Dagegen hat 1 (eine) Person demonstriert - Professor Toshiso Kosako, Experte für Strahlungssicherheit an der Universität von Tokyo und Sonderberater der Regierung für nukleare Fragen. Er nahm seinen Hut und sagte: "Das kann ich als Wissenschaftler nicht verantworten."
Wie ist das nur möglich! Da werden tausende, zehntausende - wer weiss es - Kinder im unmittelbaren Gefahrenbereich bewusst und willentlich einem qualvollen Tod überantwortet. Und es geht kein Aufschrei durch das Land. Die Menschen gehen nicht zu Millionen auf die Straße, zwingen die Regierung zum Rücktritt, quartieren sie nach Fukushima um. Man fasst es nicht.

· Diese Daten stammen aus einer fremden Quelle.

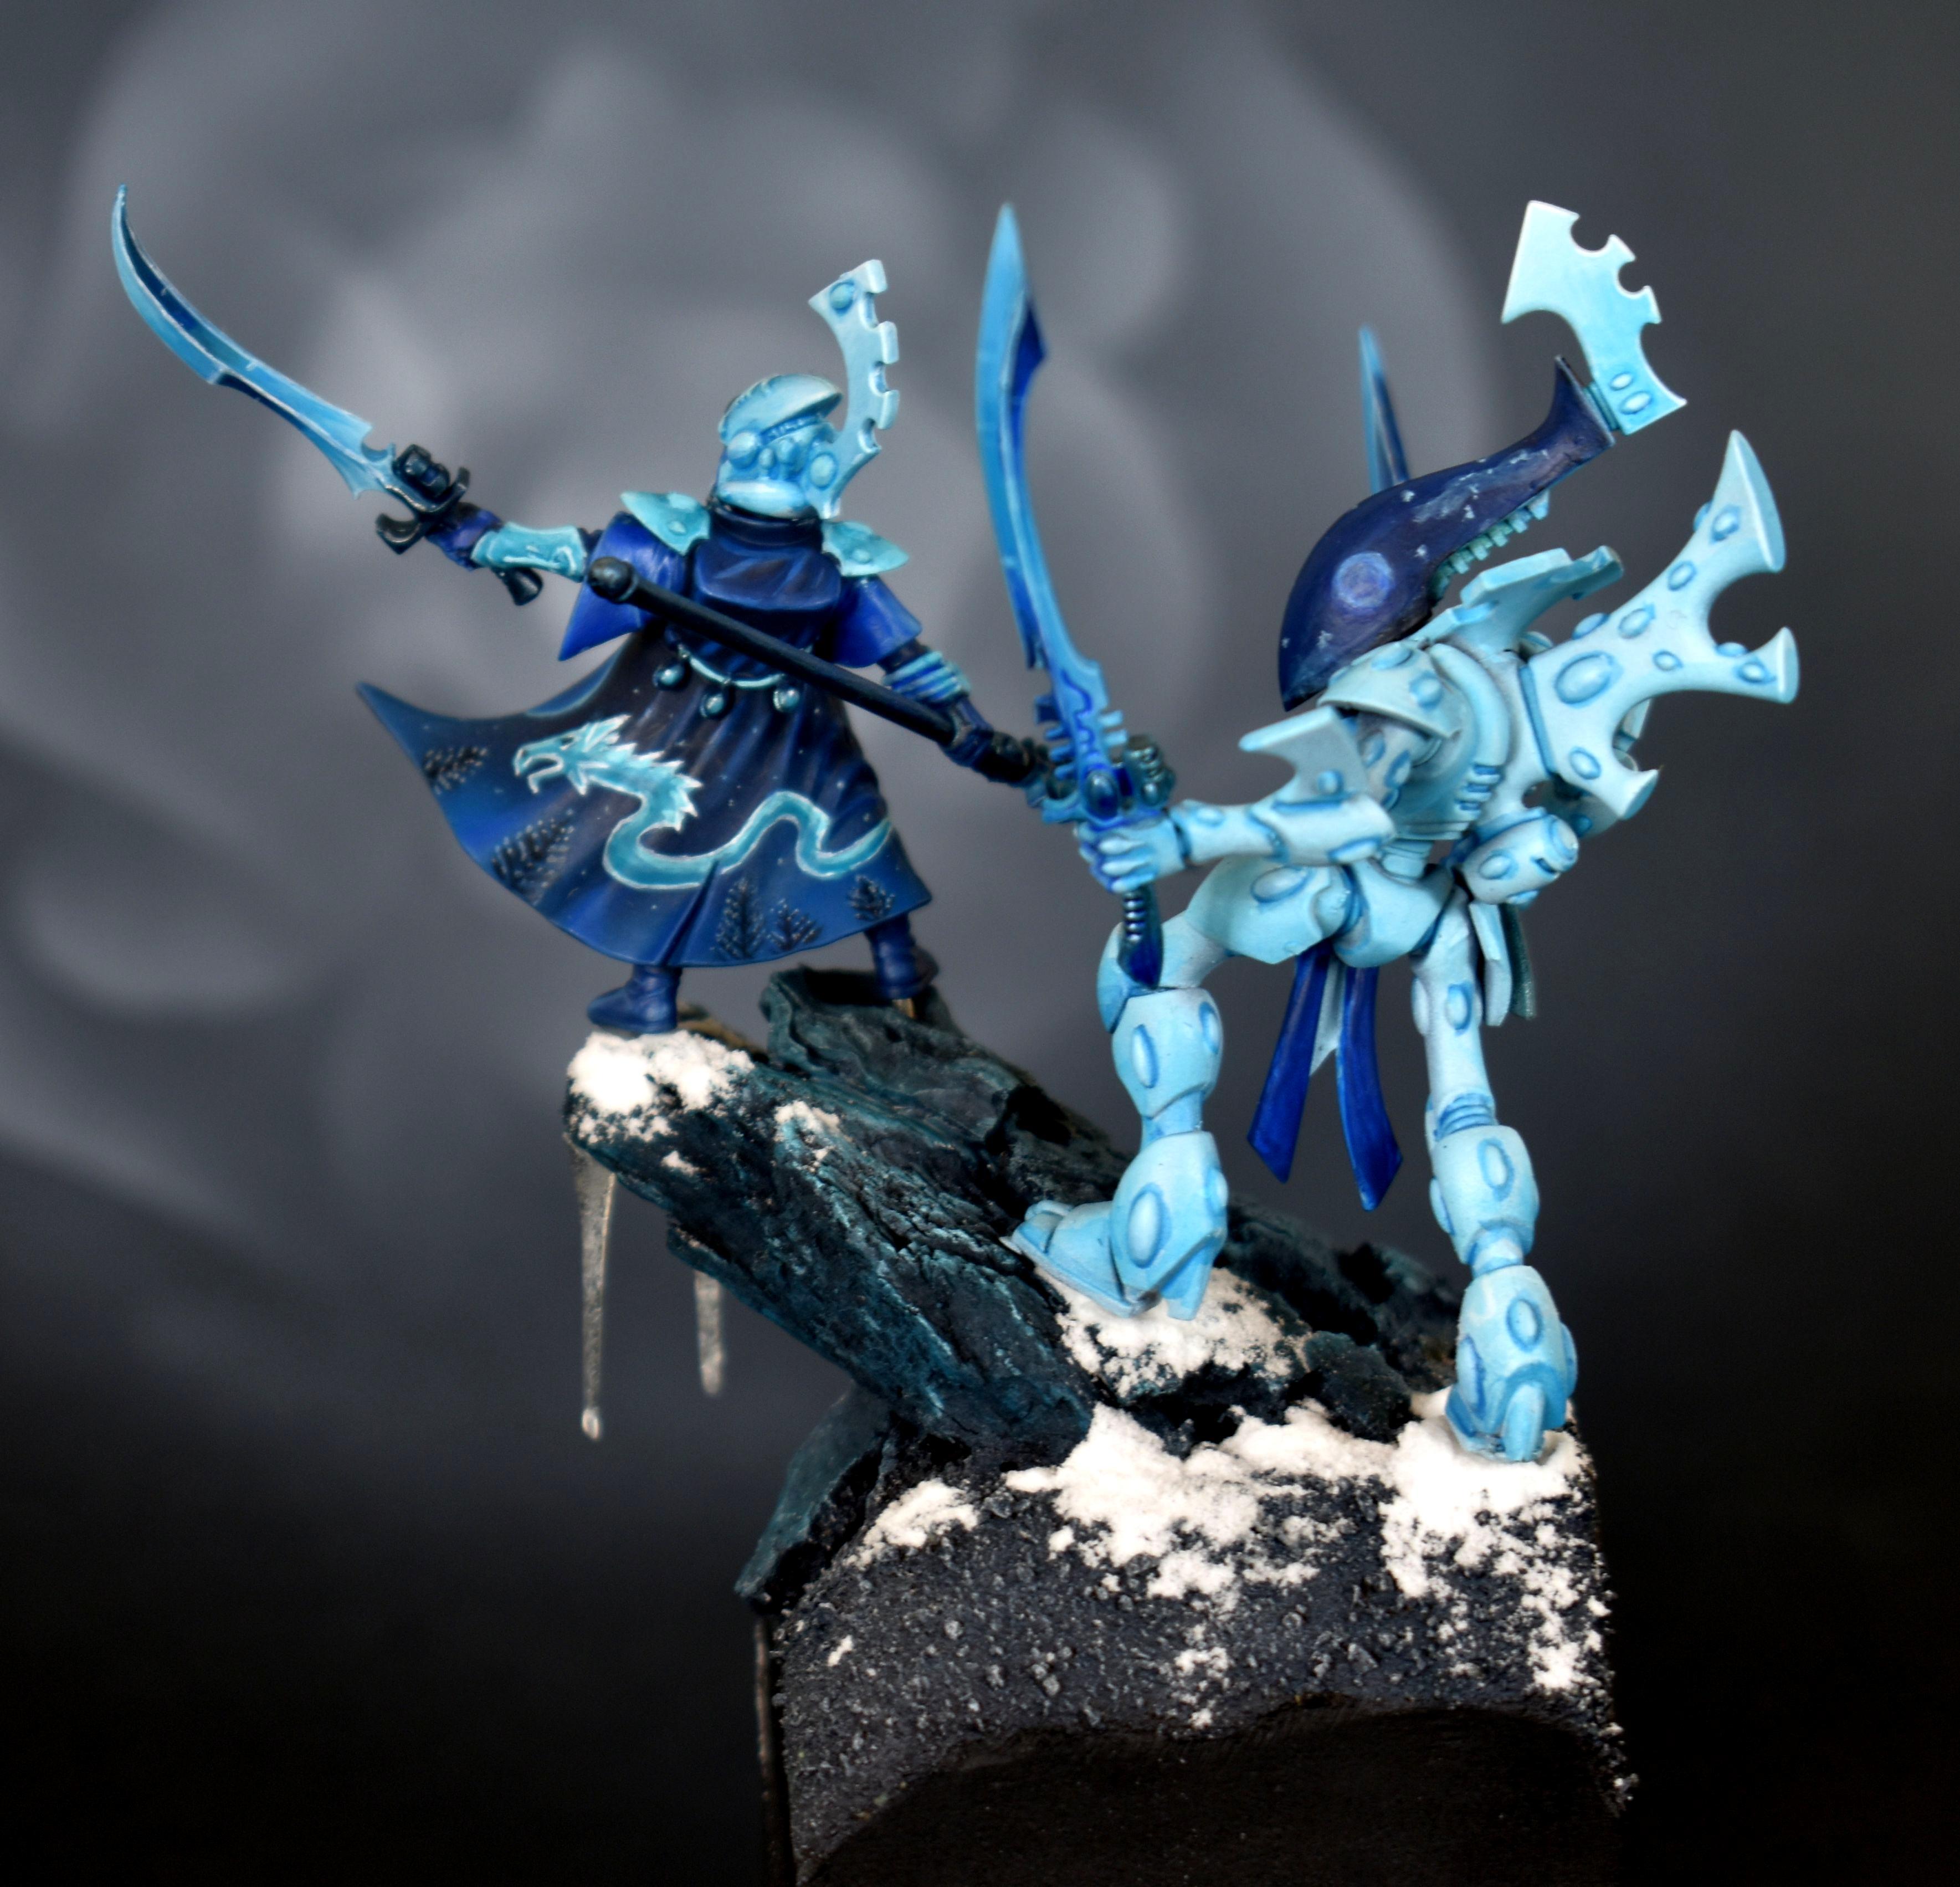 Blue, Farseer, Ice, Monochrome, Snow, Winter

Obwohl es ja eigentlich nicht eines solch extremen Anlasses bedürfen sollte. Die 'ideale' Lage der Atomkraftwerke in Japan genau über einer der tektonisch aktivsten Erdbebenzonen der Welt sollte Anlass genug sein, um umgehend diese
Zeitbomben zu entschärfen.
Aber nein. Und warum? Weil die Japaner 70 % ihrer Energie aus AKWs beziehen. Und sie abzustellen, würde für den Moment jedenfalls eine einschneidende Maßnahme auf Kosten des - ja, des Konsums darstellen. Hier zeigt sich das wahre Gesicht unserer Gesellschaft. Wir pfeifen doch auf unsere Mitmenschen, wir pfeifen doch auf das Wohlergehen unserer Kinder- und Enkelkinder, wir pfeifen auf die Tiere und Pflanzen und die Natur insgesamt. Empathie, Solidarität oder Kinderliebe. Alles nur Gequatsche, eine elende Heuchelei. Dass nur keiner auf die Idee kommt, über die Japaner die Nase zu rümpfen. Wir gehen genausowenig nur ein Jota von unseren wohlerworbenen, wohlverdienten Konsumrechten ab. Geben wir es zu: Wir sind auf dem Niveau der schlimmsten nur vorstellbaren Barbaren
angelangt. Obwohl ich glaube, dass wir den Barbaren damit Unrecht tun.